About this exercise =
Write out the lines of the material below exactly, beginning at the line with "Coffee and Podcasts" and stopping after the line with "Hilary Swank: American", and leave out the pictures.

Available data =
_ _ _ _ _ _ _
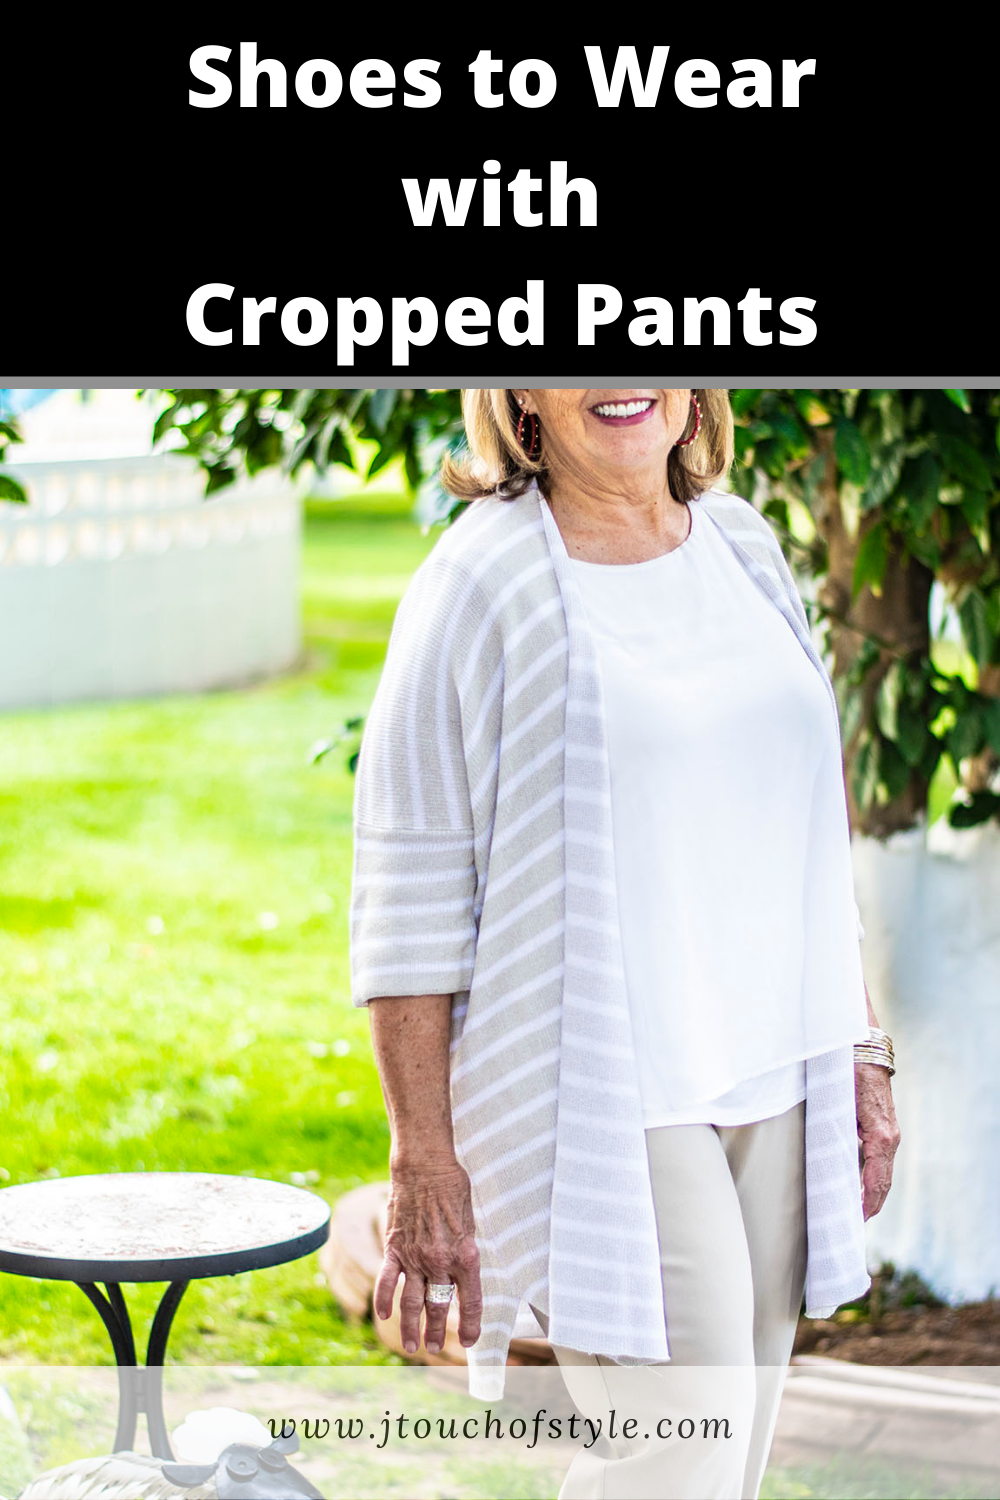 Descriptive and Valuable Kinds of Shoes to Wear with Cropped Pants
_ _ _ _ _ _ _
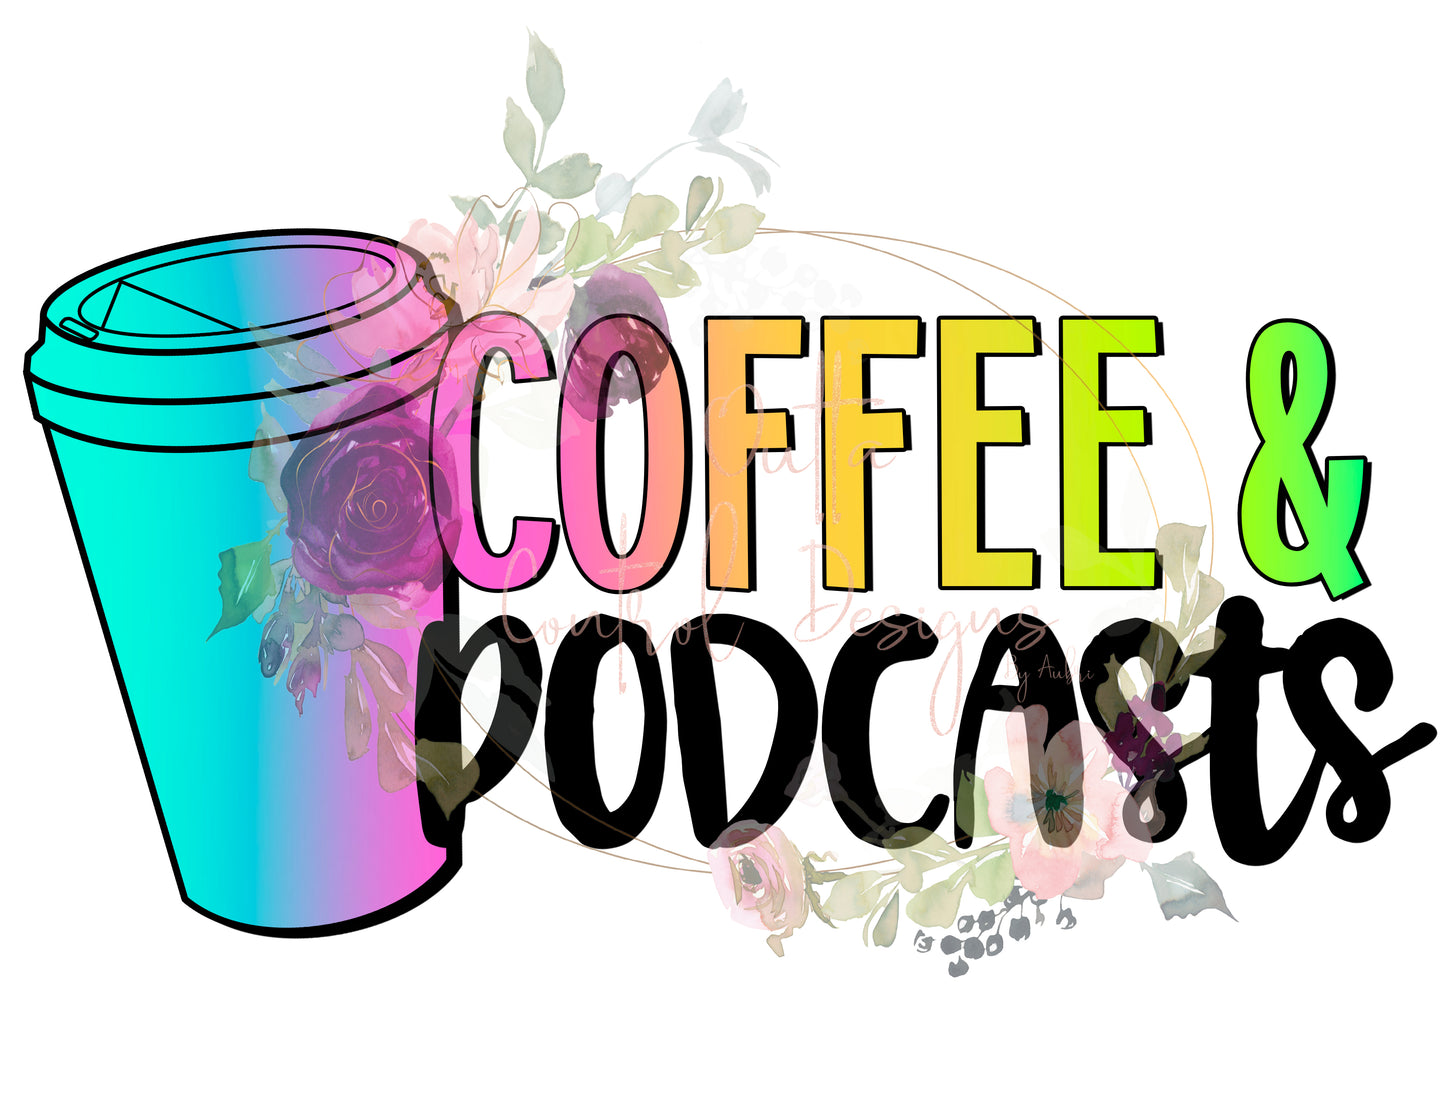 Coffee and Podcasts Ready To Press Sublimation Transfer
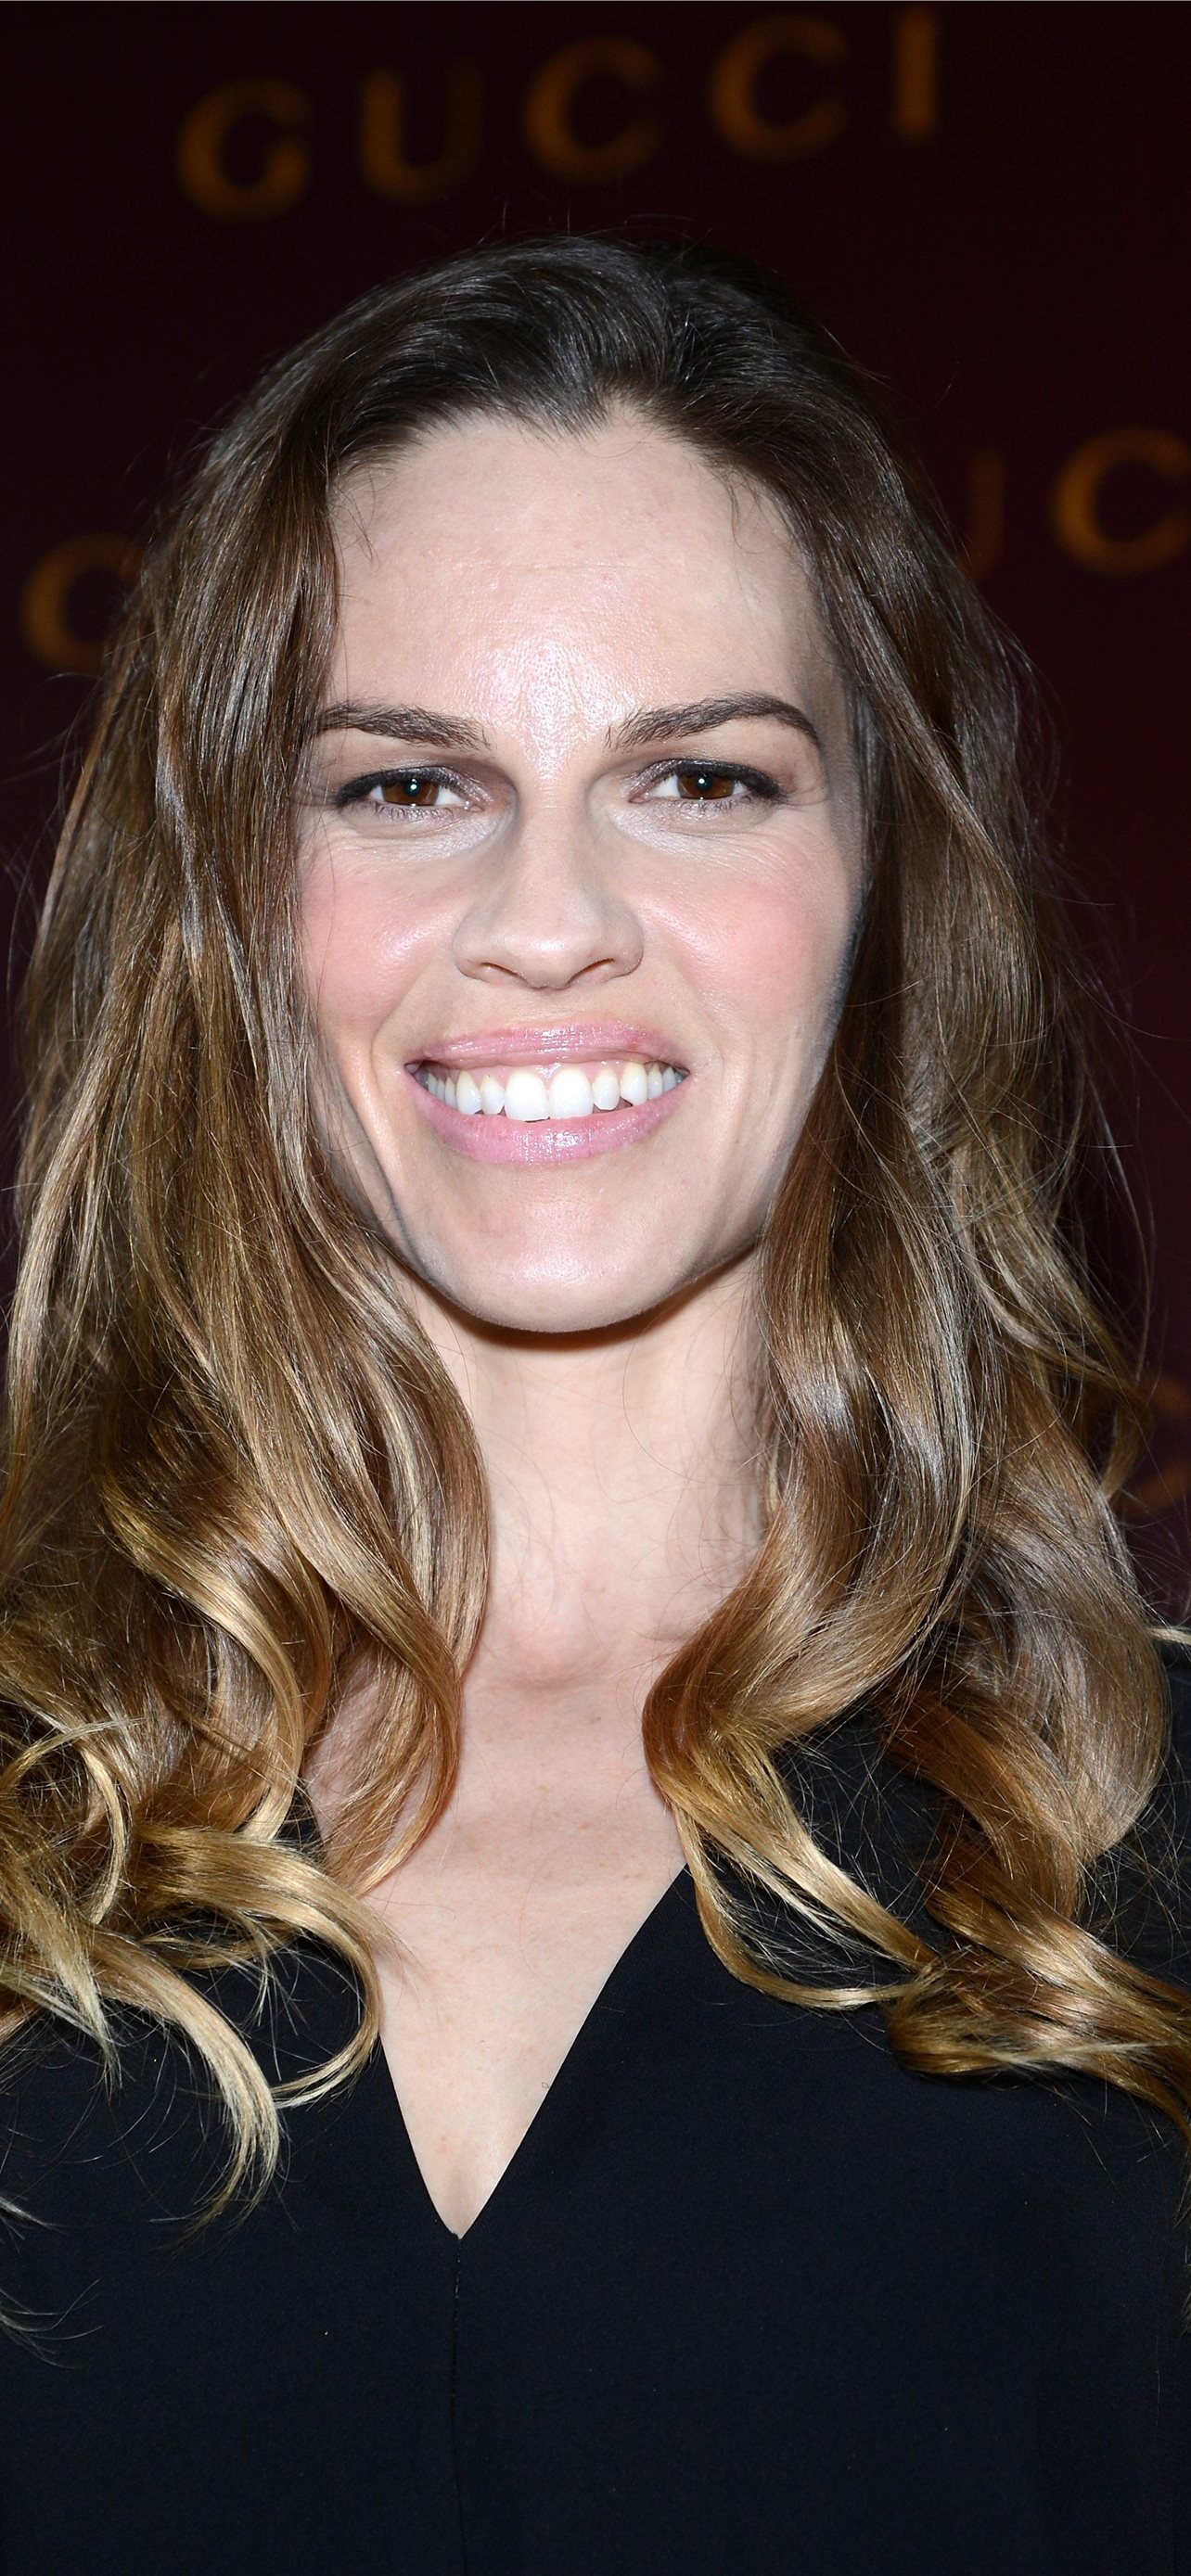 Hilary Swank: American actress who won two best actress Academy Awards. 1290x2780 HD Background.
_ _ _ _ _ _ _
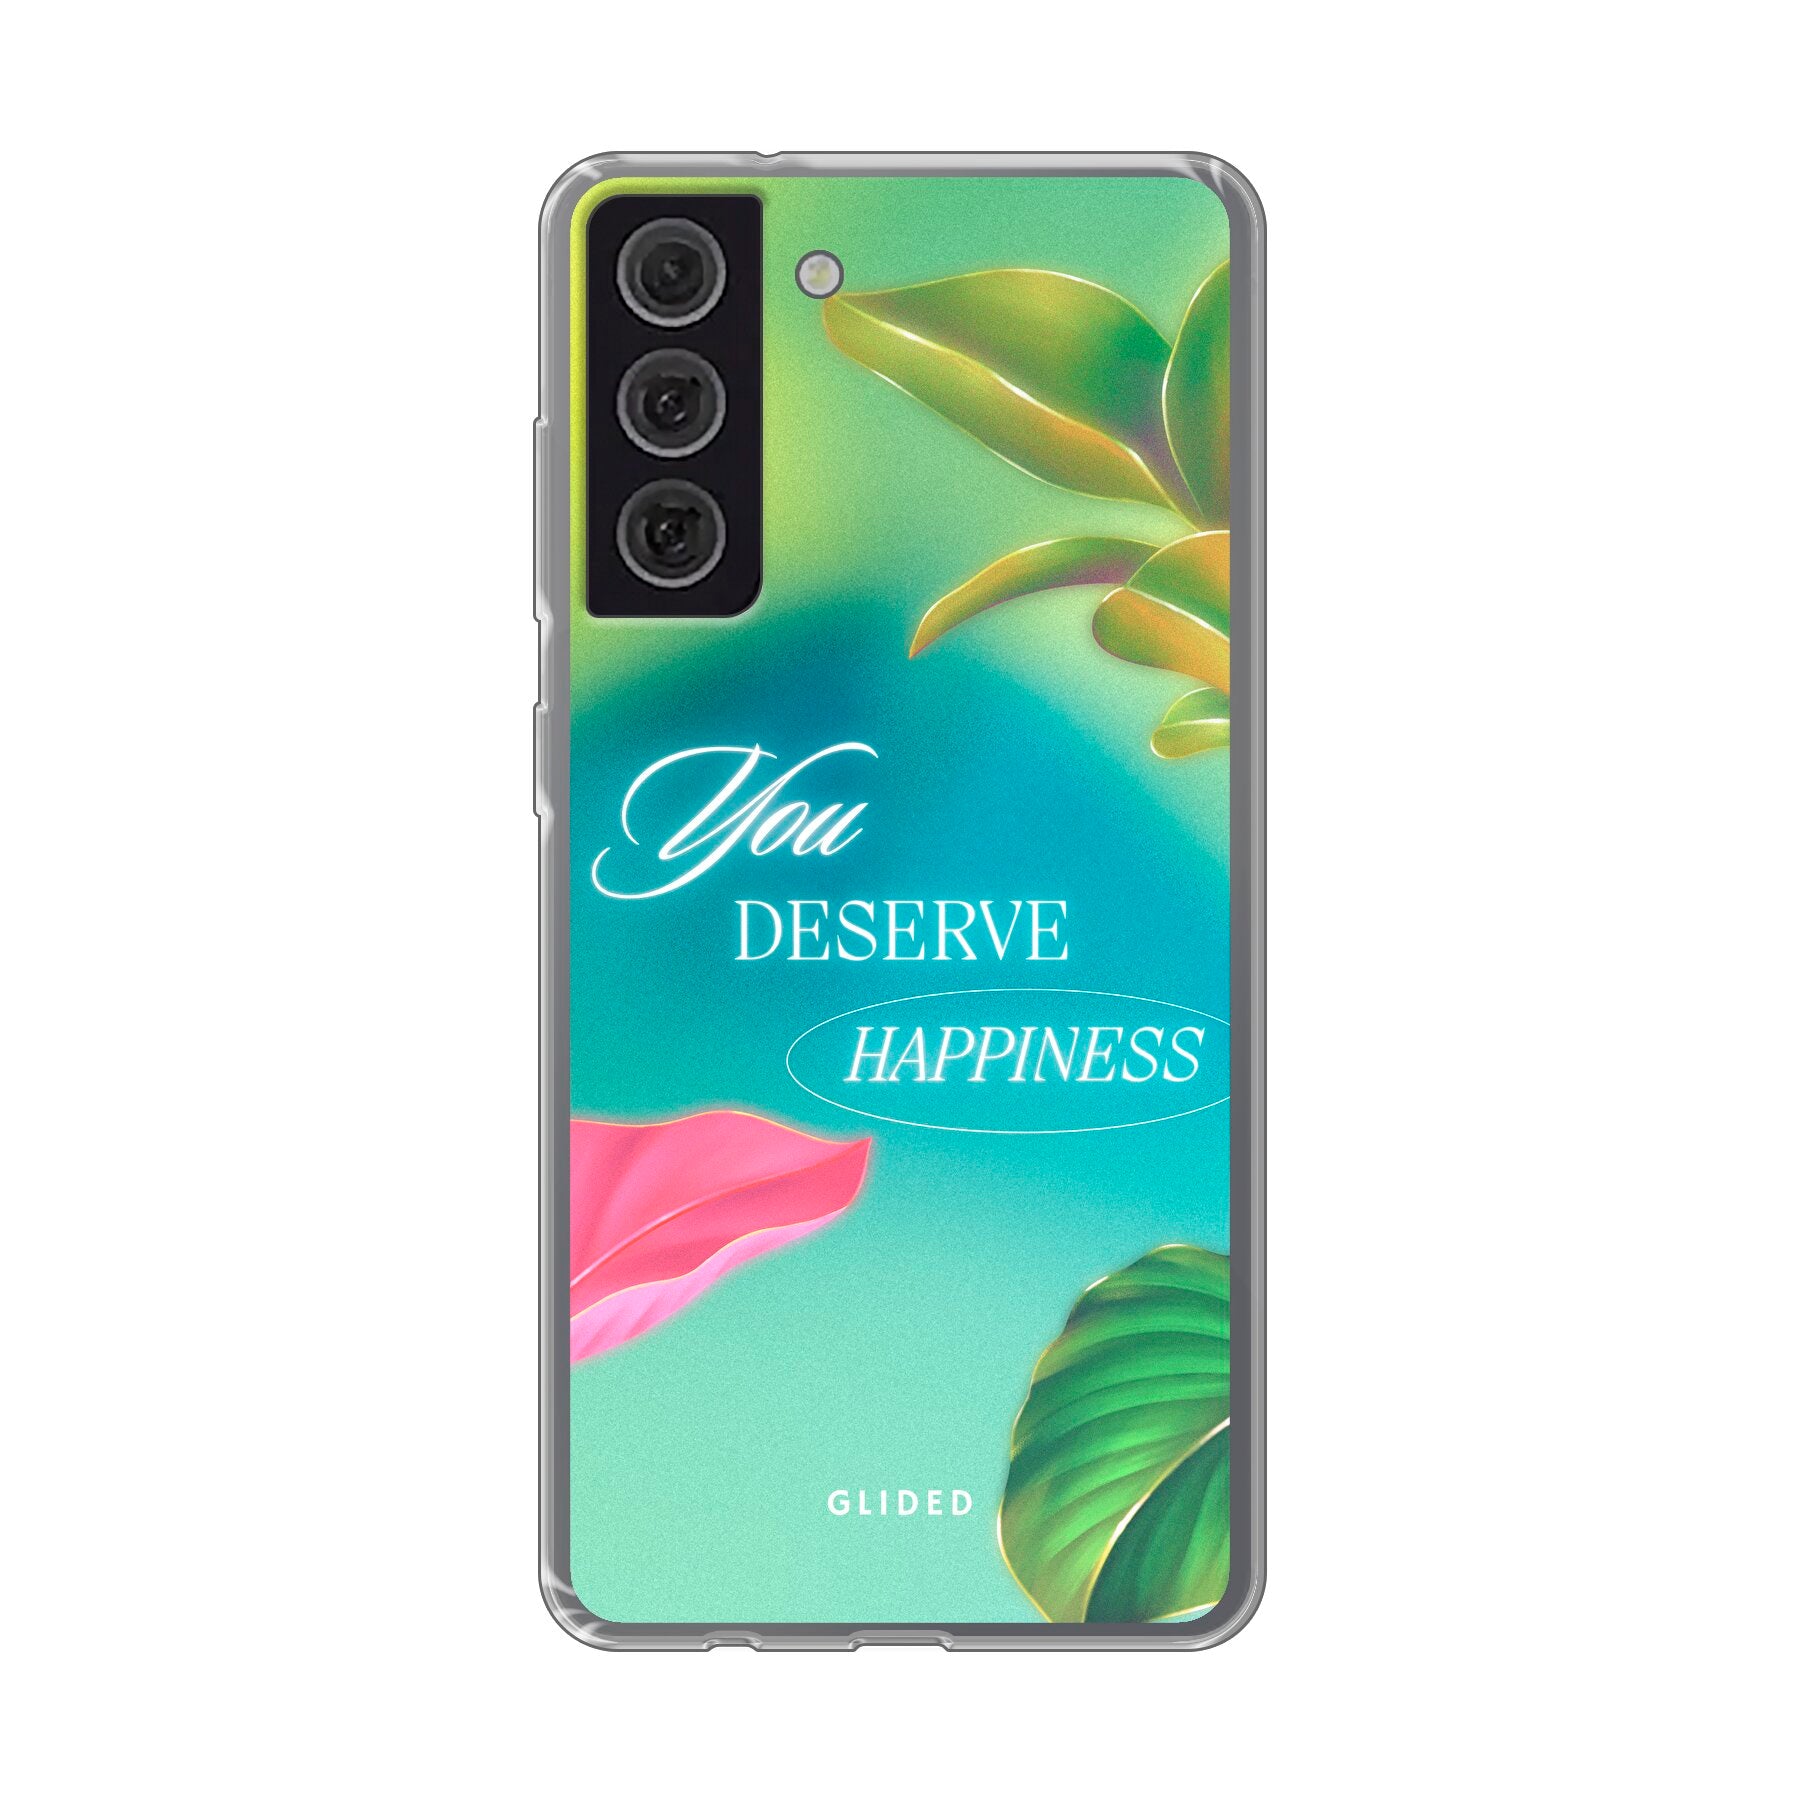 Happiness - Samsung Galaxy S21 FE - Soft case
_ _ _ _ _ _ _
Response to the task =
 Coffee and Podcasts Ready To Press Sublimation Transfer
 Hilary Swank: American actress who won two best actress Academy Awards. 1290x2780 HD Background.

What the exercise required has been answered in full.